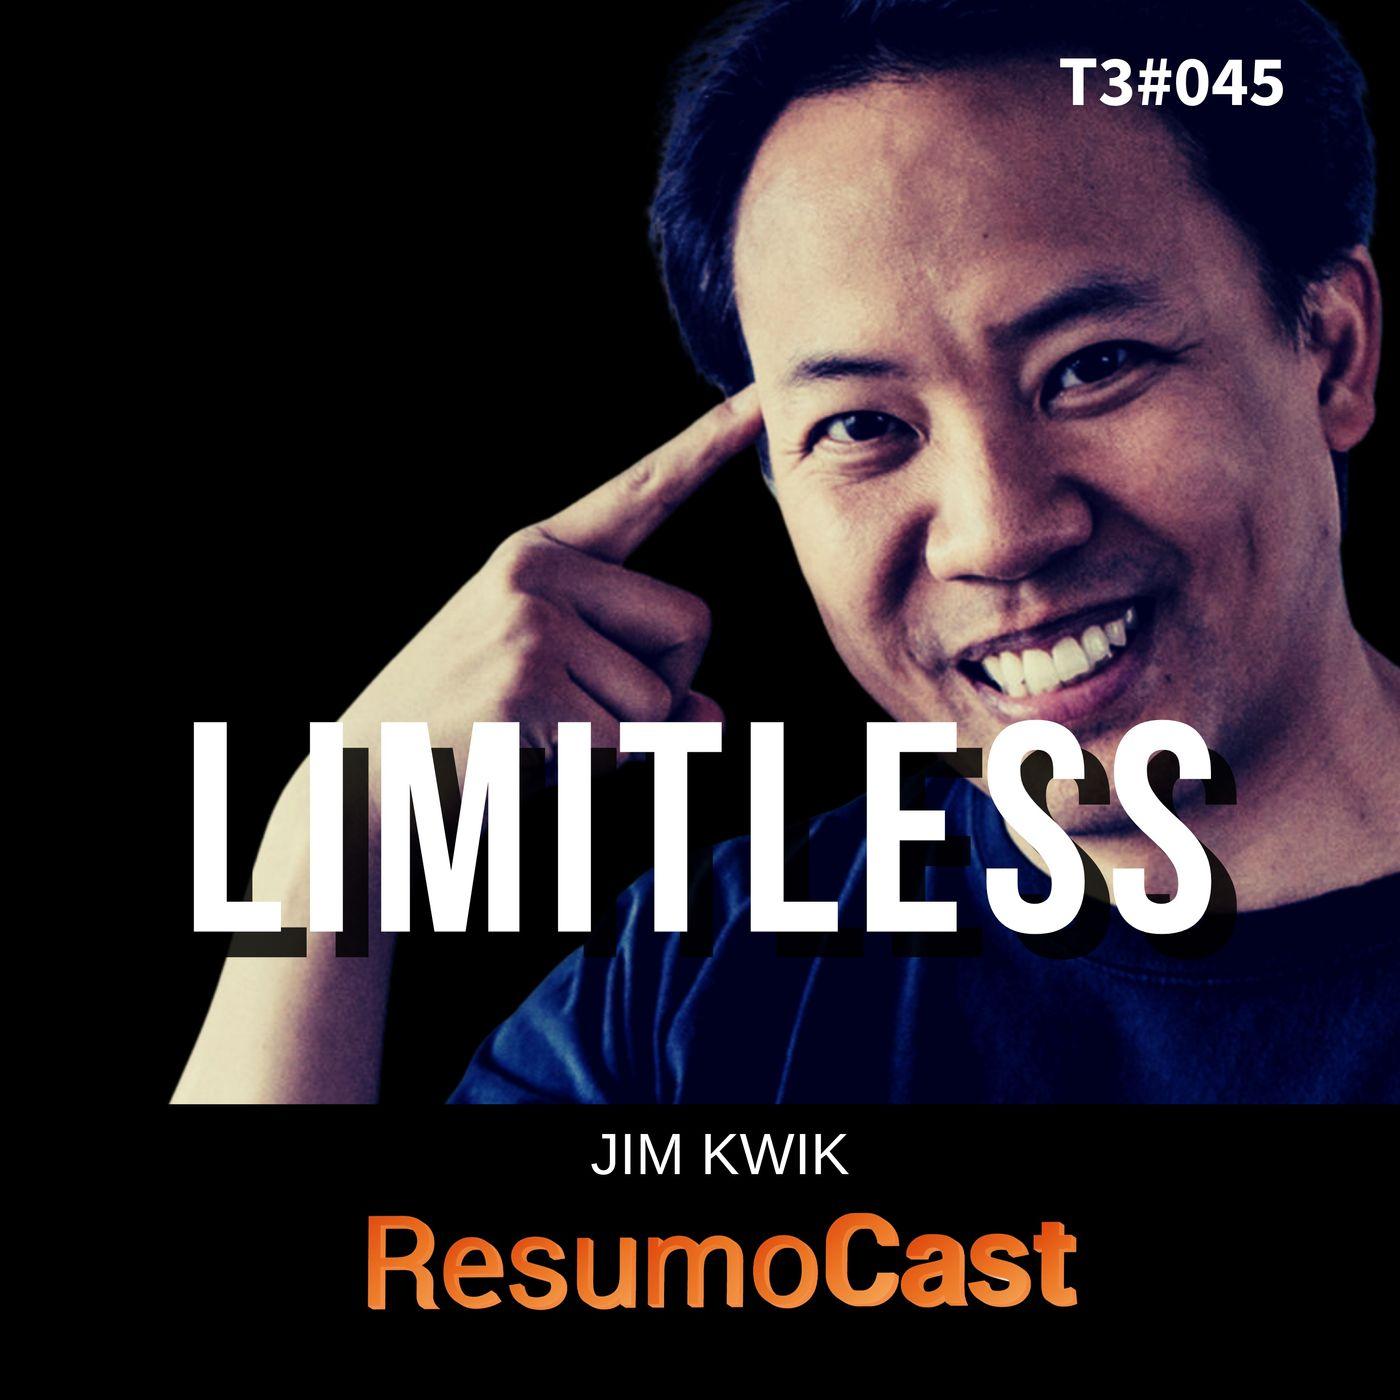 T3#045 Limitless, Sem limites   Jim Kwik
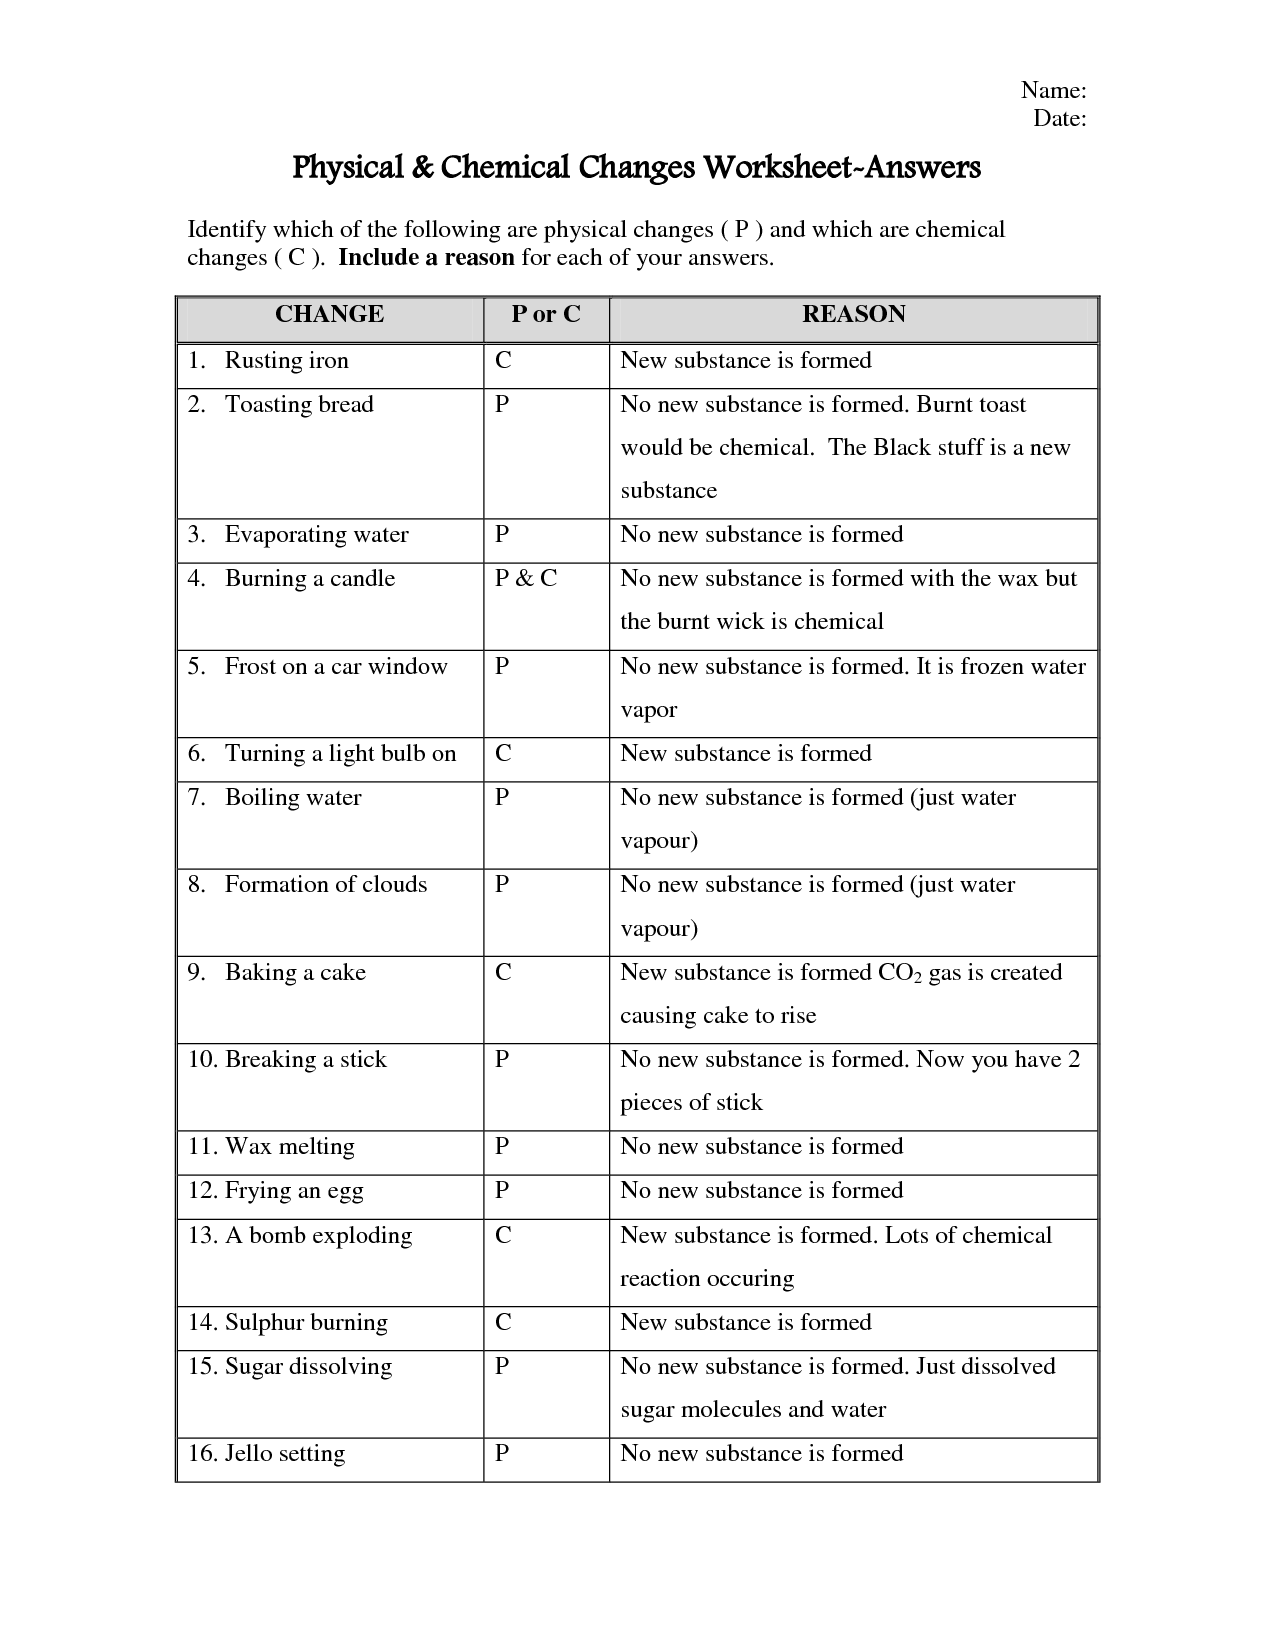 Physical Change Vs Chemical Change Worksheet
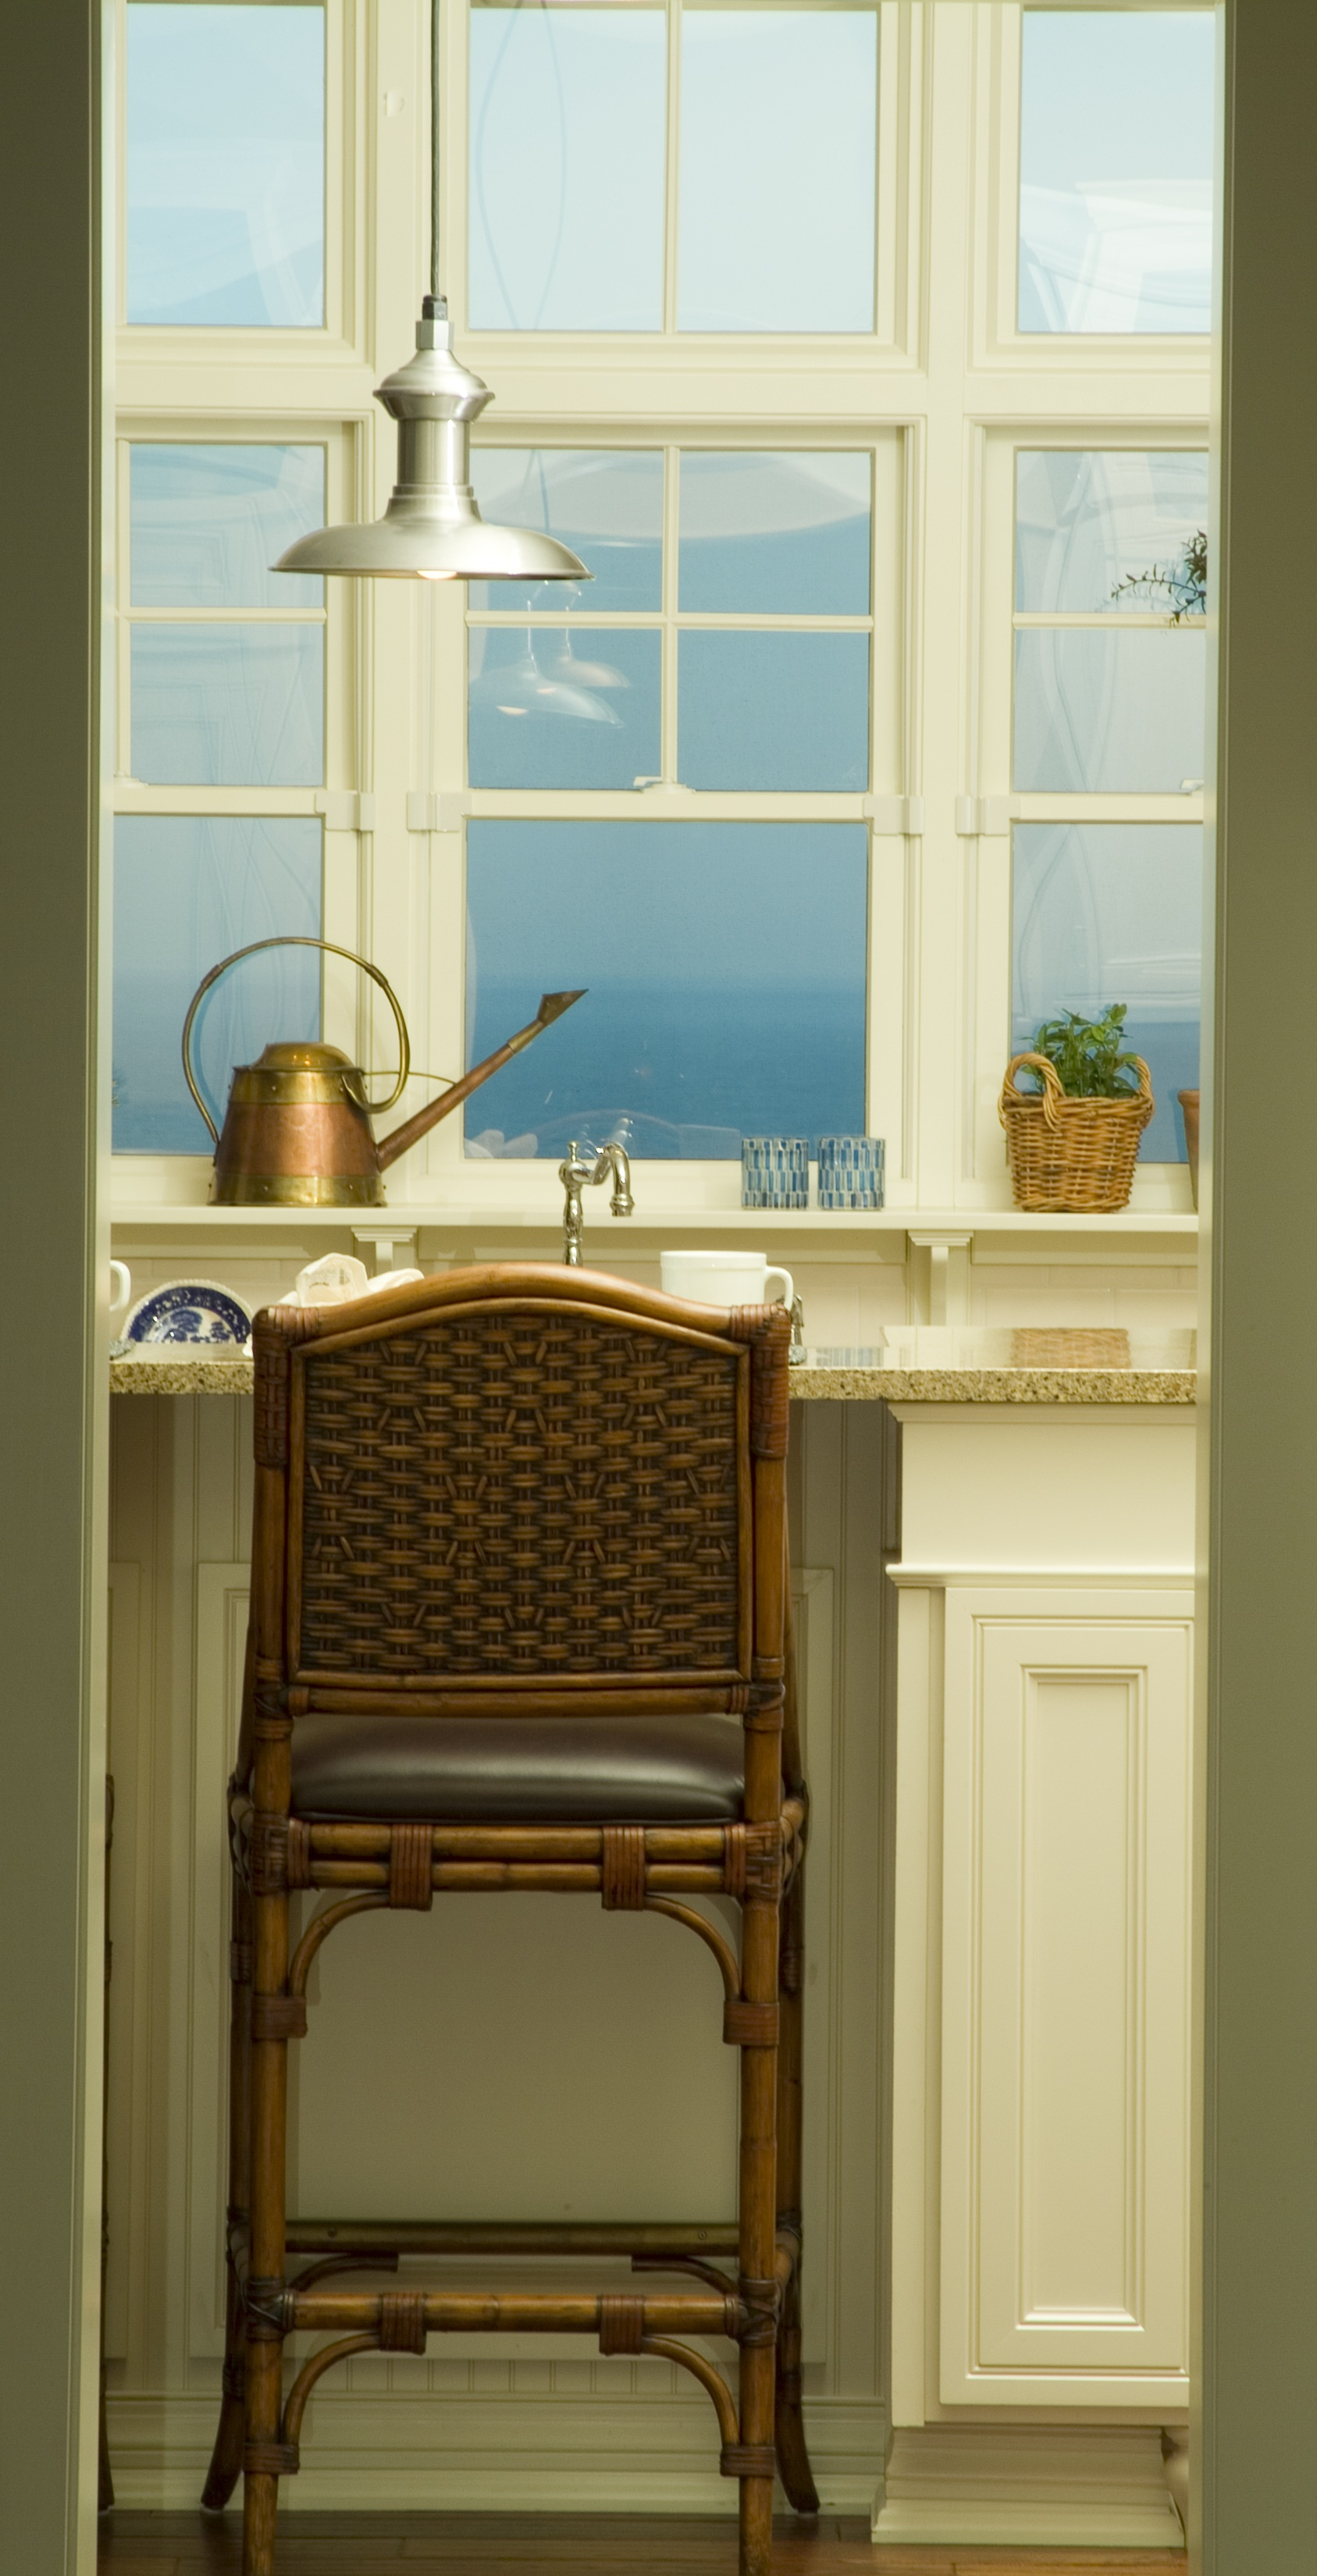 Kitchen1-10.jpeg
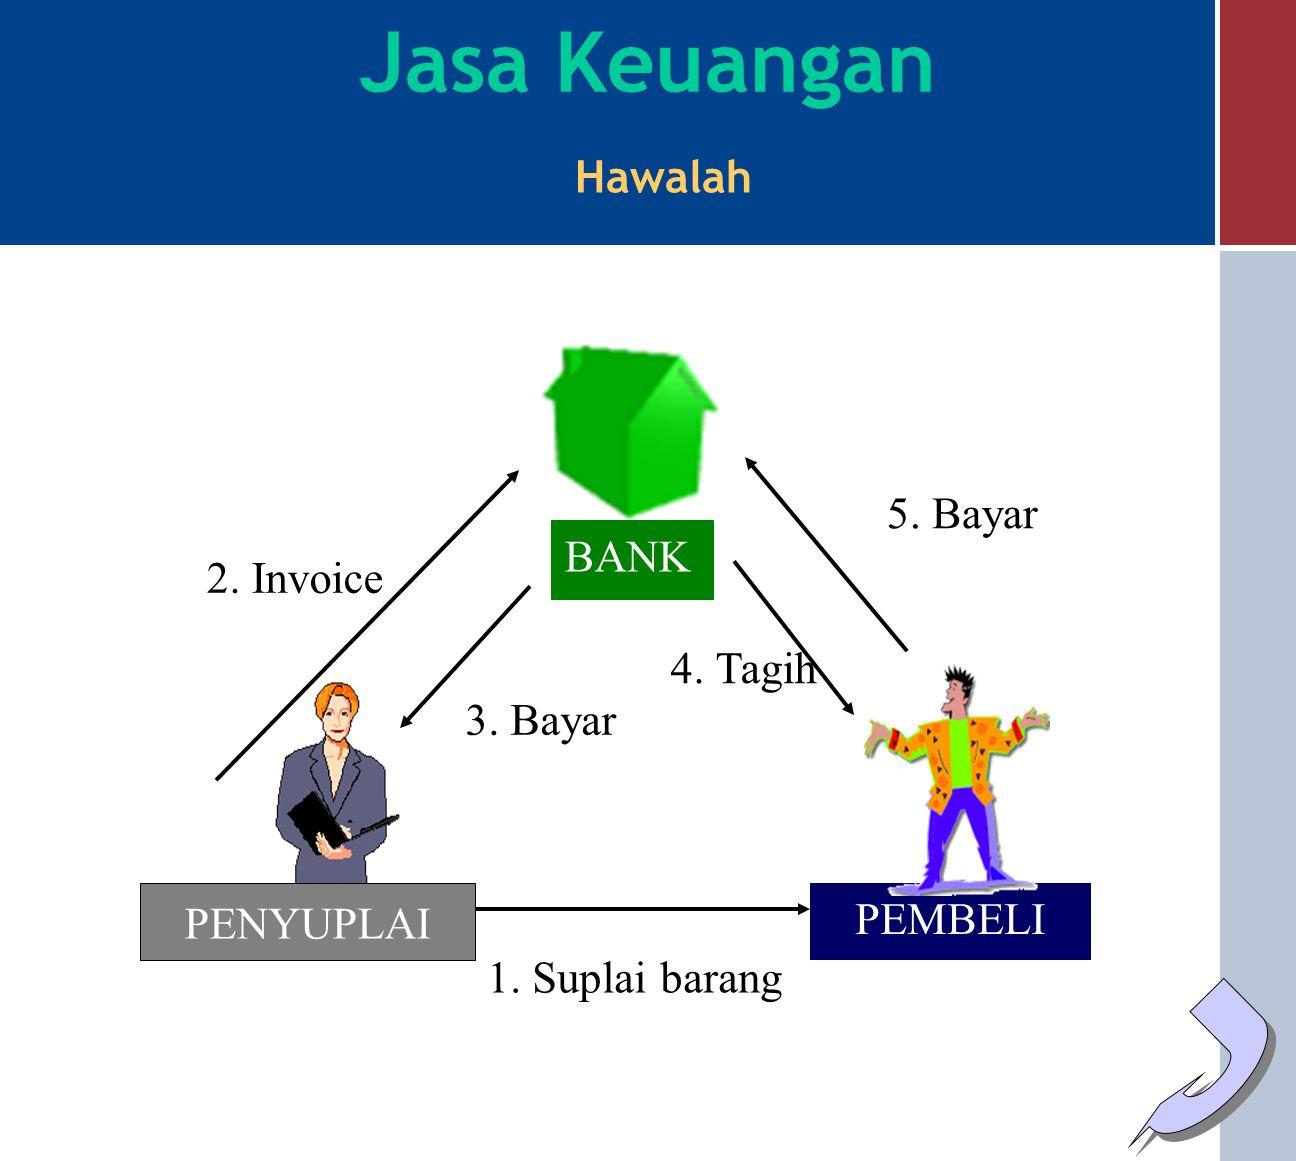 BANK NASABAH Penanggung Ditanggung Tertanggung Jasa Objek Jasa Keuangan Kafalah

- _What the exercise asks_: Without any pictures, write out the lines running from the one containing "Kitchen1-10.jpeg" through the end of the listing above, both included, exactly as given.

- _Response to this task_:
 Kitchen1-10.jpeg
 BANK NASABAH Penanggung Ditanggung Tertanggung Jasa Objek Jasa Keuangan Kafalah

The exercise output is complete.